I read a blog recently where the young 20-something author said that she appreciates loneliness & pain because at least she knows she’s alive at those moments.

Mike and I were savoring a coffee at one of Historic Waynesville’s ‘café-cum-curio’ boutiques when I asked him how he thought this gal might describe the OPPOSITE of her painful – but alive times.  He offered that maybe she lived depressed in the Ecclesiastes-type sense (Life is meaningless, even and ESPECIALLY after you’ve tasted all of Life’s goodies).  And that pain (perhaps she’s a cutter??) is welcome in the midst of the numbness of depression.

These reflections on pain, aliveness & deadness nestled themselves in the midst of some recent thoughts on ‘blah-ness’.

I’m a peppy, perky optimist 95 % of the time, but the other day I was feeling blah.  Zero perkiness as in “I’m excited about XYZ!”  I wasn’t excited about ANYTHING.
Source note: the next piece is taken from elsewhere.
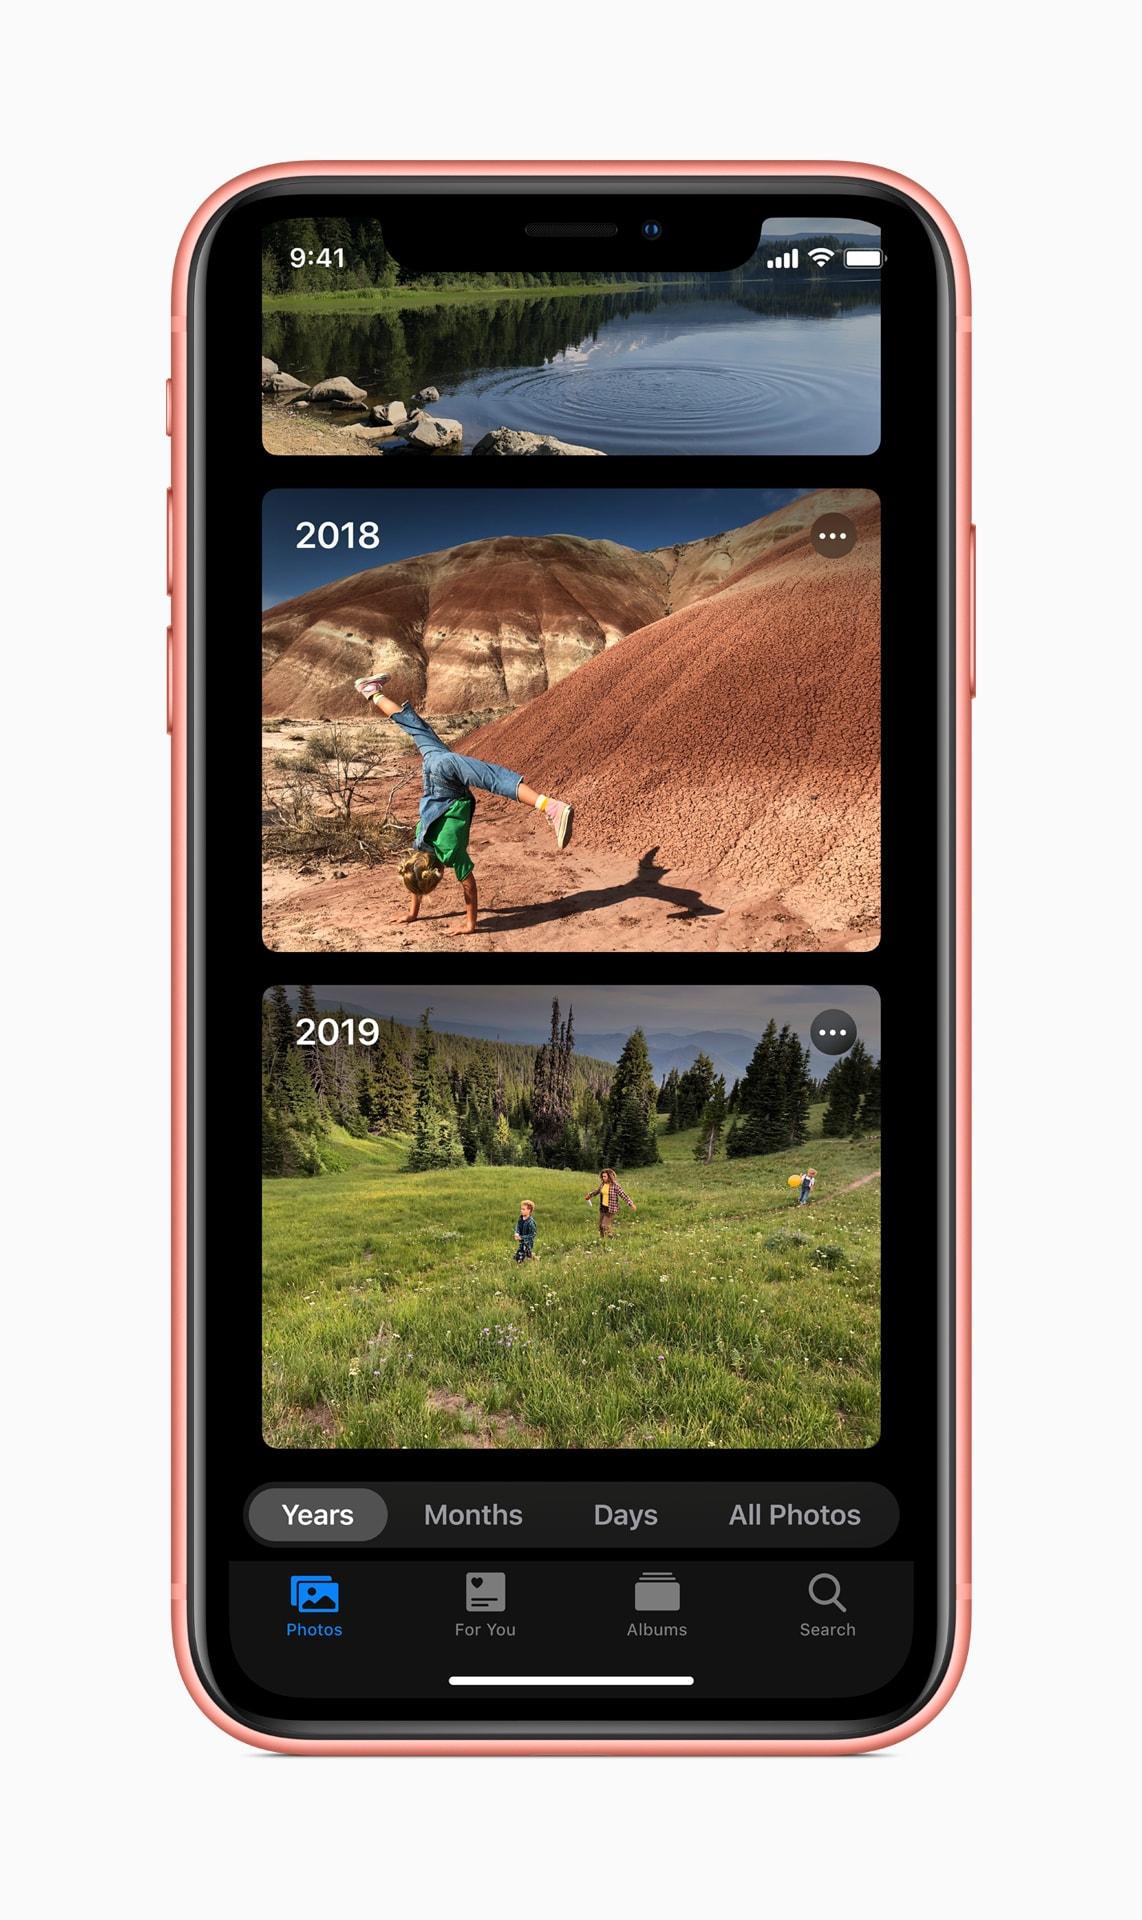 Navegando por fotos no iOS 13

But, God be praised, because of some readings that the Holy Spirit has led me through in recent years, I was able quickly to remember and apply one of CS Lewis’ philosophies:

“The Christian says, ‘Creatures are not born with desires unless satisfaction for those desires exists. A baby feels hunger: well, there is such a thing as food. A duckling wants to swim: well, there is such a thing as water. Men feel sexual desire: well, there is such a thing as sex. If I find in myself a desire which no experience in this world can satisfy, the most probable explanation is that I was made for another world. If none of my earthly pleasures satisfy it, that does not prove that the universe is a fraud. Probably earthly pleasures were never meant to satisfy it, but only to arouse it, to suggest the real thing. If that is so, I must take care, on the one hand, never to despise, or to be unthankful for, these earthly blessings, and on the other, never to mistake them for the something else of which they are only a kind of copy, or echo, or mirage. I must keep alive in myself the desire for my true country, which I shall not find till after death; I must never let it get snowed under or turned aside; I must make it the main object of life to press on to that country and to help others to do the same.”
C.S. Lewis, Mere Christianity

When the blahs DO strike, we can console ourselves with the truth that SOON, we will be in a land where there are NO blahs.

In other words, there is NO need to be depressed about feeling depressed.  It’s part and parcel of living in a physically and morally fallen world. Our mental state is more connected to our physical condition than we acknowledge:

  • How did I sleep last night?
  • Do I feel fat this morning?
  • Am I constipated?
  • Am I worried about a twinge or a growing mole?

Our mental state is ALSO influenced by many temporary circumstances:

  • Will we be able to pay our bills?
  • What if our cat Leia doesn’t get better?
  • What if my new job is more demanding than I have anticipated?
  • What if Mike can’t find any paying clients?

Only by talking to ourselves and re-membering / re-hearsing / re-peating God’s truths can we hold on to the correct perspective so we can value the permanent and hold the temporary more loosely.

And the good news is that those moments when we DO feel alive/hopeful/ excited, they are VERY real fore-tastes of life to come.  They’re not meant to taunt us but to reassure us and make us long all the more for eternal life with the happy triune God.